++++ Dataset extract ++++
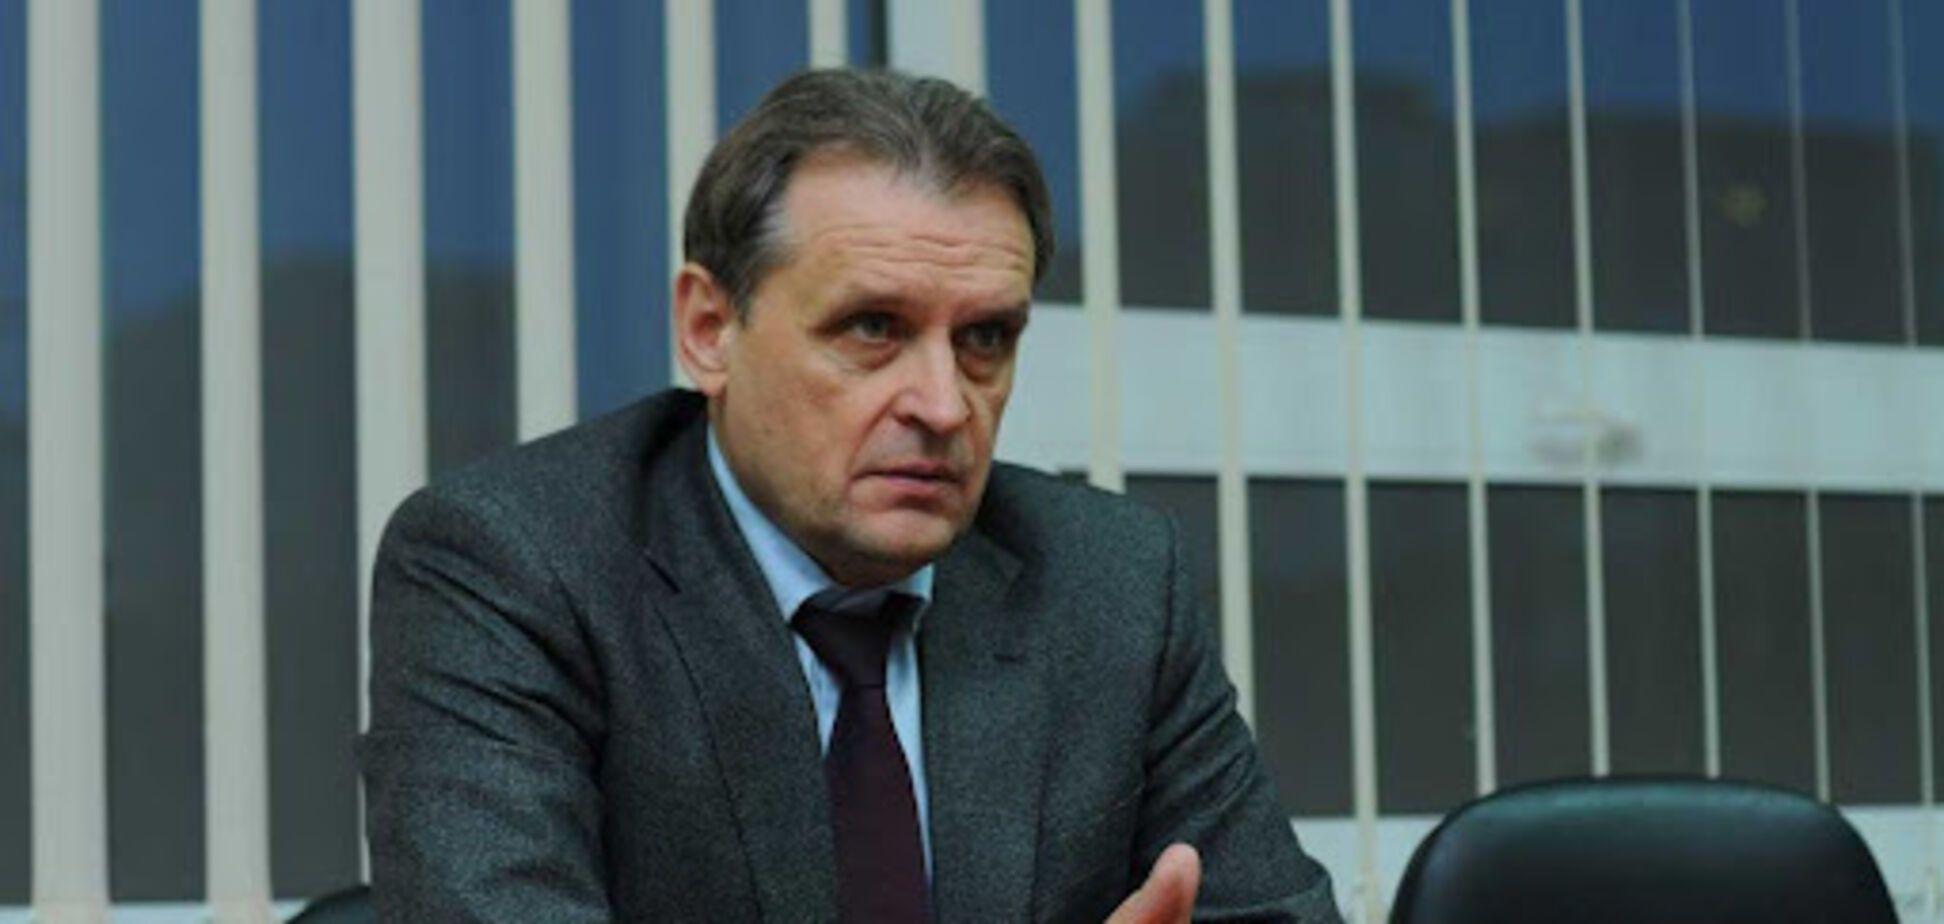 Замість підвищення податків владі варто зайнятися схемами на митниці, – Козаченко
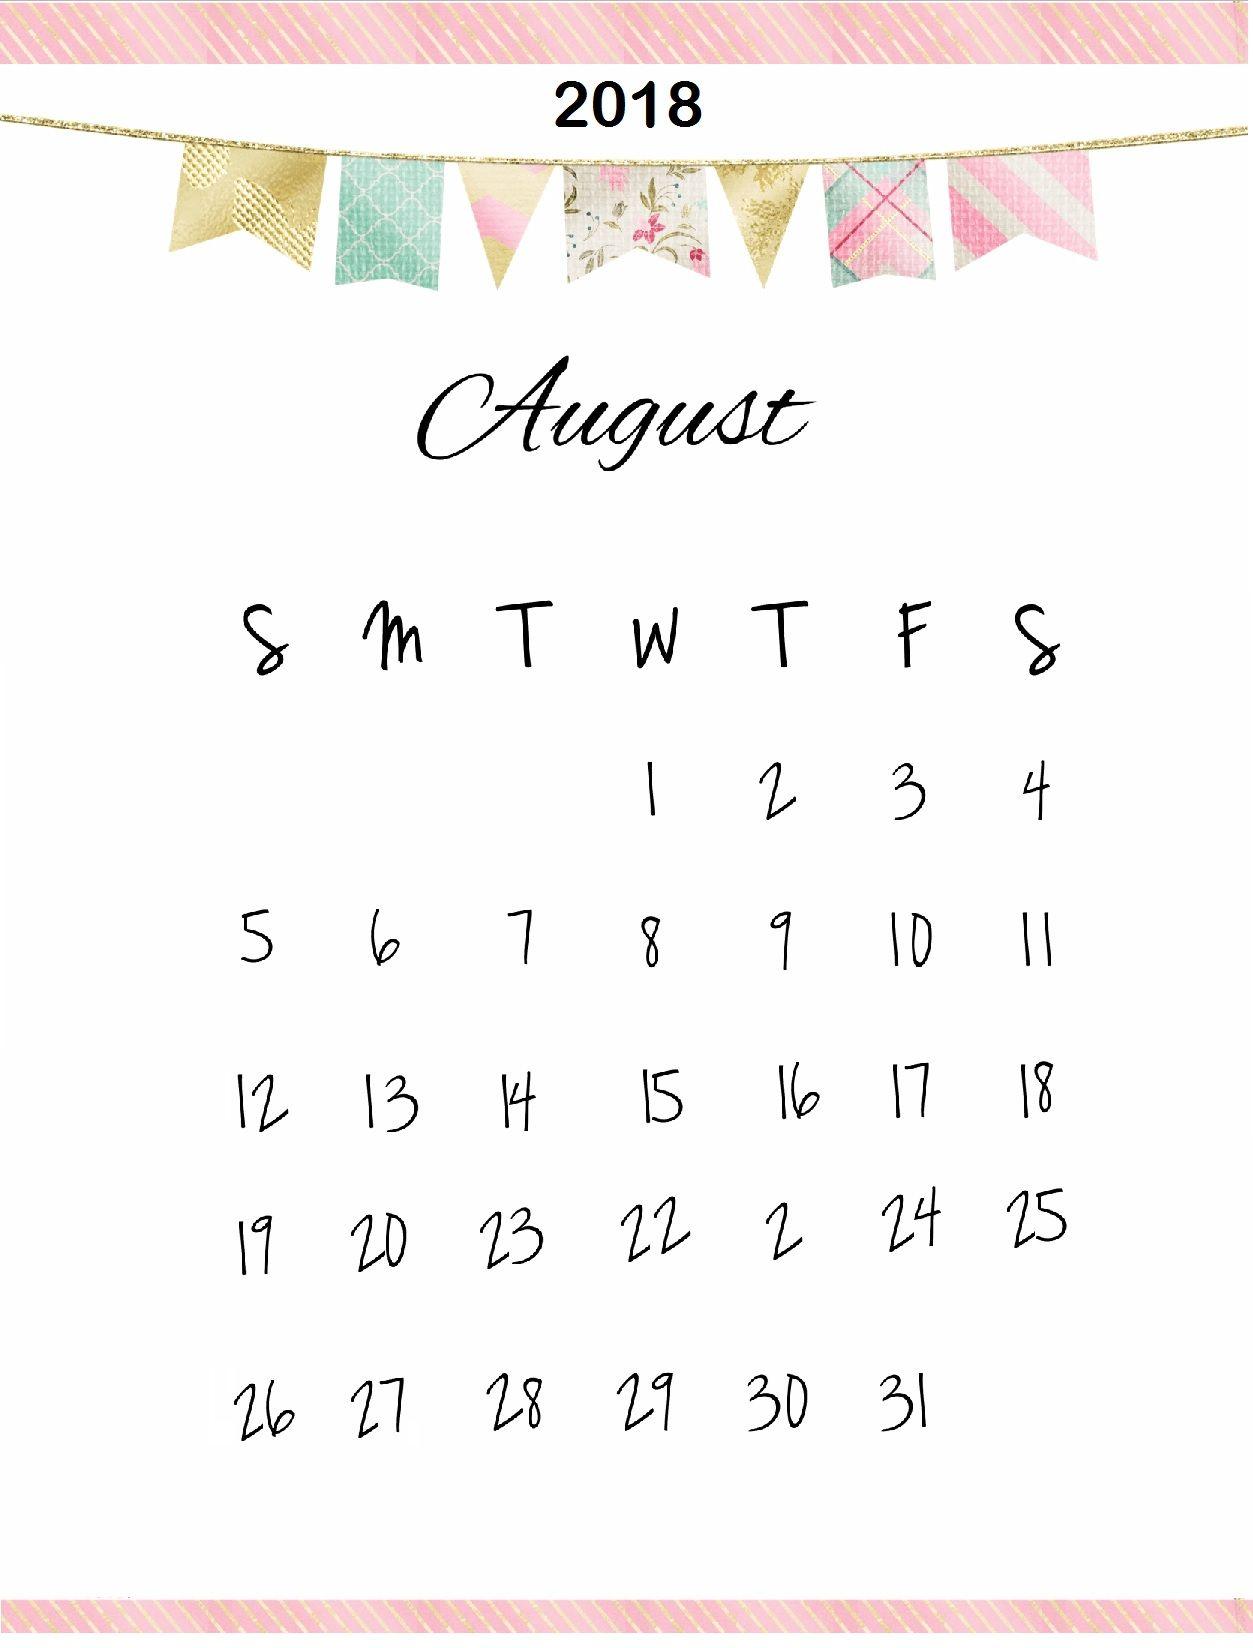 Cute August 2018 Calendar Calendar Design
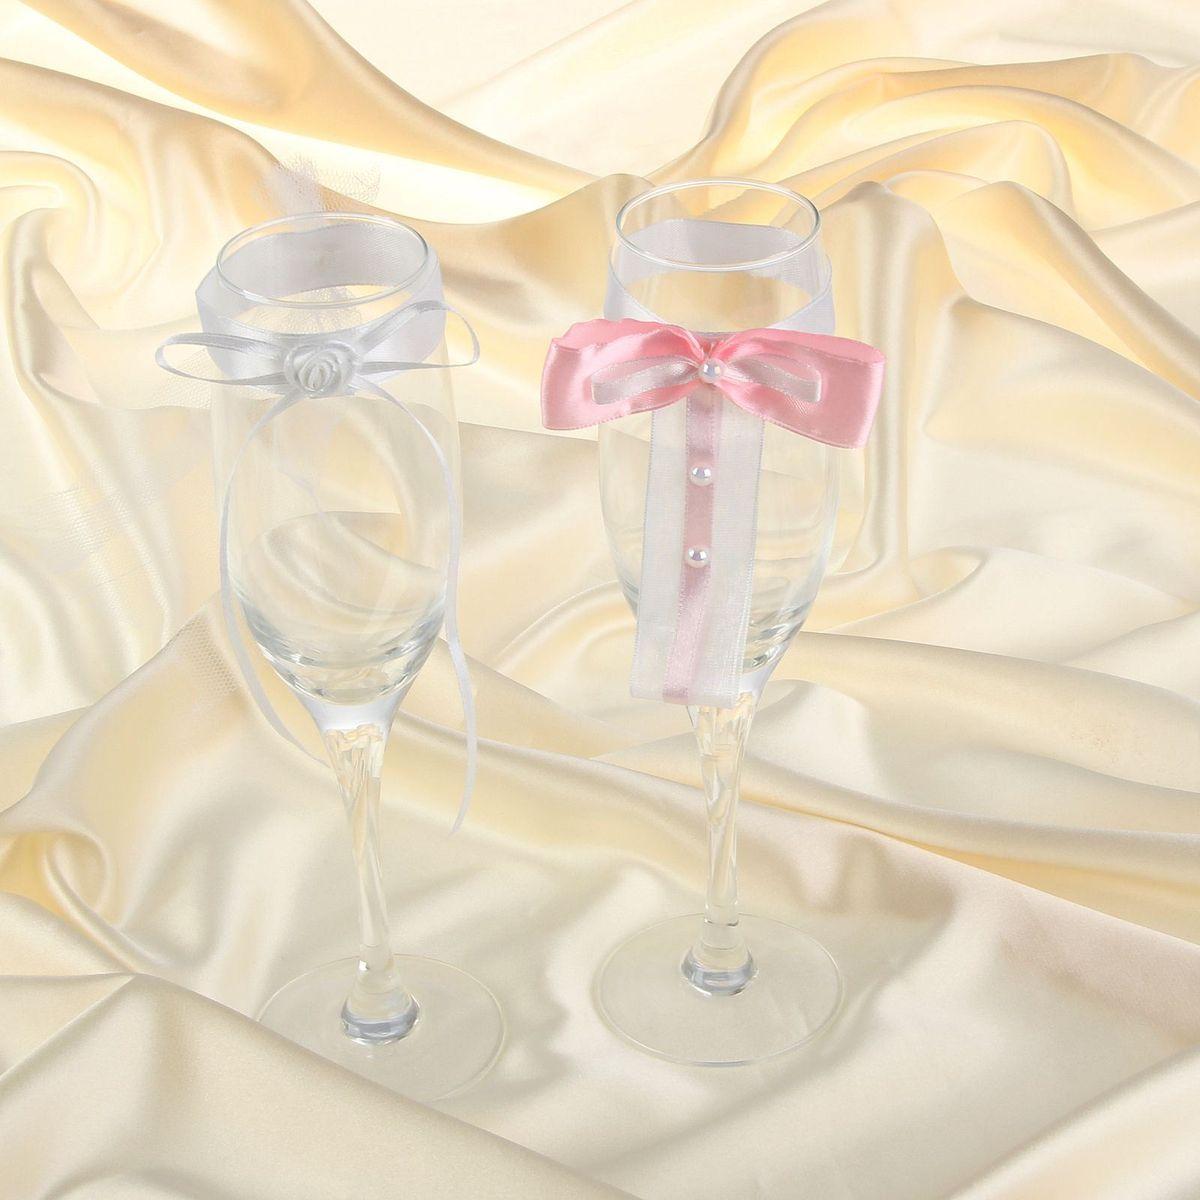 Комплект декора на бокалы Sima-land, цвет: белый, розовый. 833982833982Красиво оформленный свадебный стол — это эффектное, неординарное и очень значимое обрамление для проведения запланированного вами торжества. Украшение для бокалов, белое и розовое оформление, 2 шт — это красивое и оригинальное украшение зала, которое дополнит выбранный стиль мероприятия и передаст праздничное настроение вам и вашим гостям.
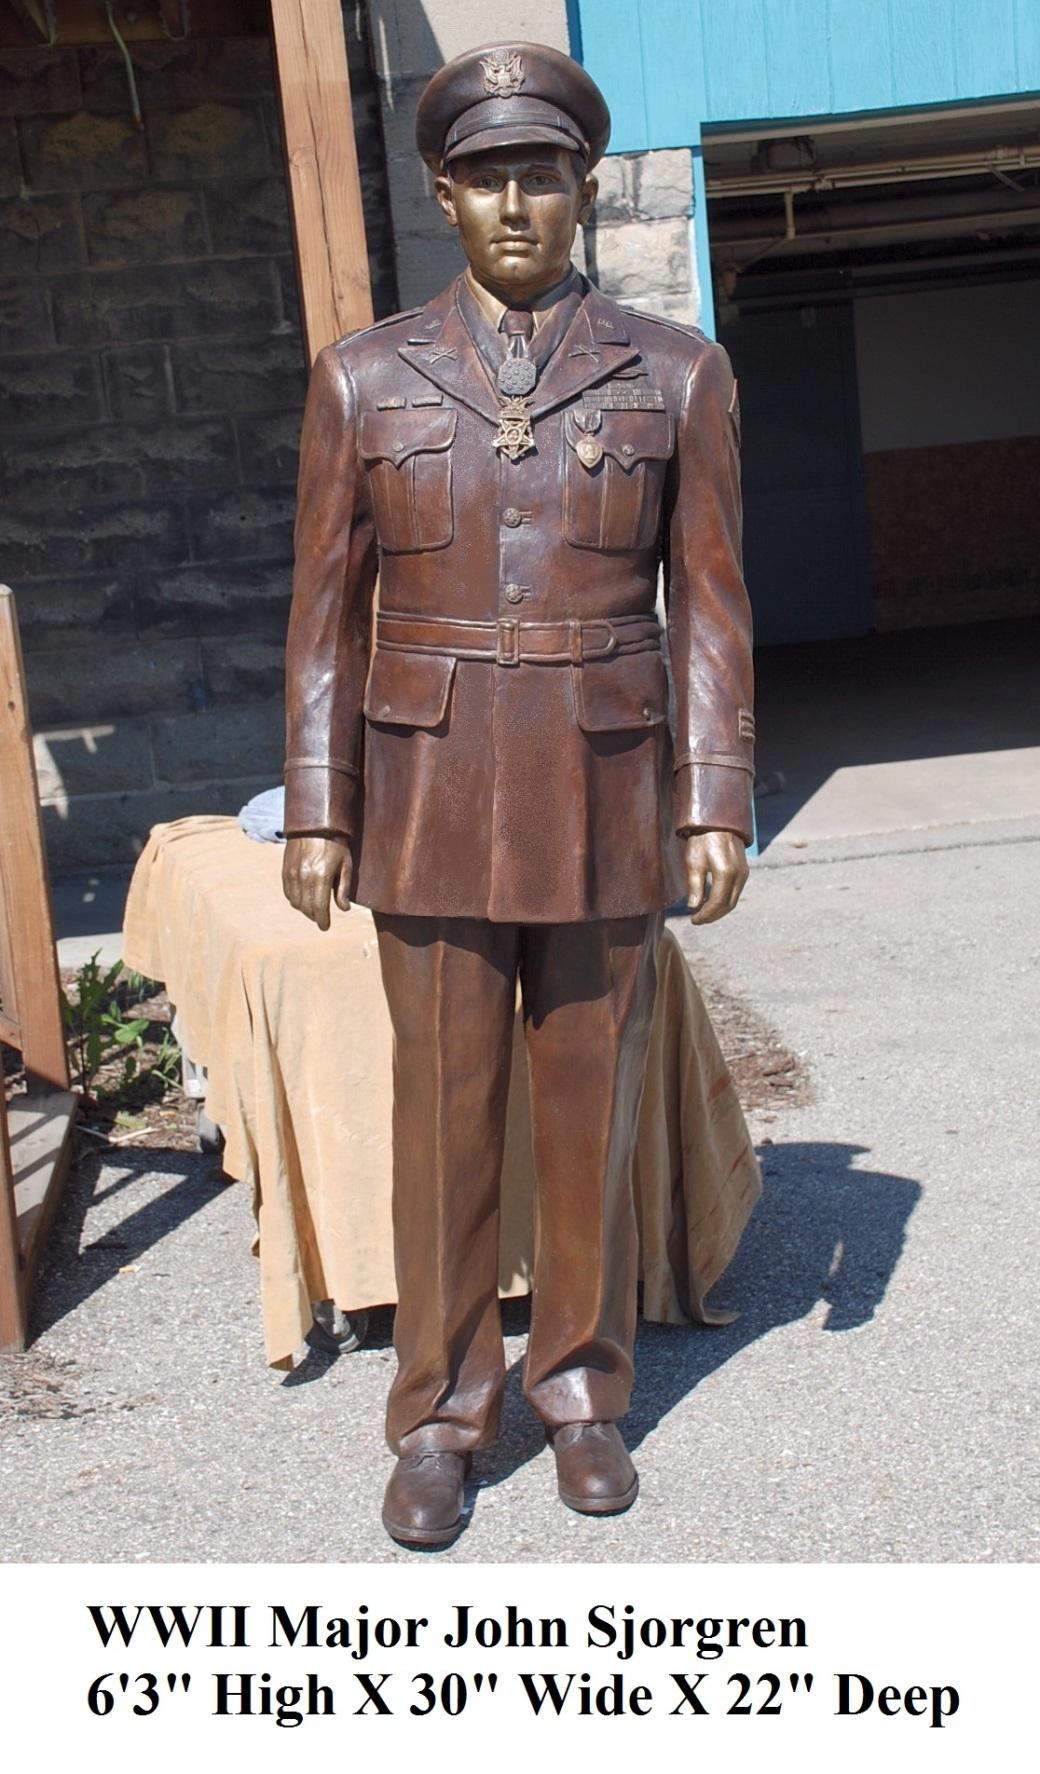 WWII Major John Sjorgren
++++
*Task directions*: Output the listing exactly, pictures excluded.

*Exercise response*:
 Замість підвищення податків владі варто зайнятися схемами на митниці, – Козаченко
 Cute August 2018 Calendar Calendar Design
 Комплект декора на бокалы Sima-land, цвет: белый, розовый. 833982833982Красиво оформленный свадебный стол — это эффектное, неординарное и очень значимое обрамление для проведения запланированного вами торжества. Украшение для бокалов, белое и розовое оформление, 2 шт — это красивое и оригинальное украшение зала, которое дополнит выбранный стиль мероприятия и передаст праздничное настроение вам и вашим гостям.
 WWII Major John Sjorgren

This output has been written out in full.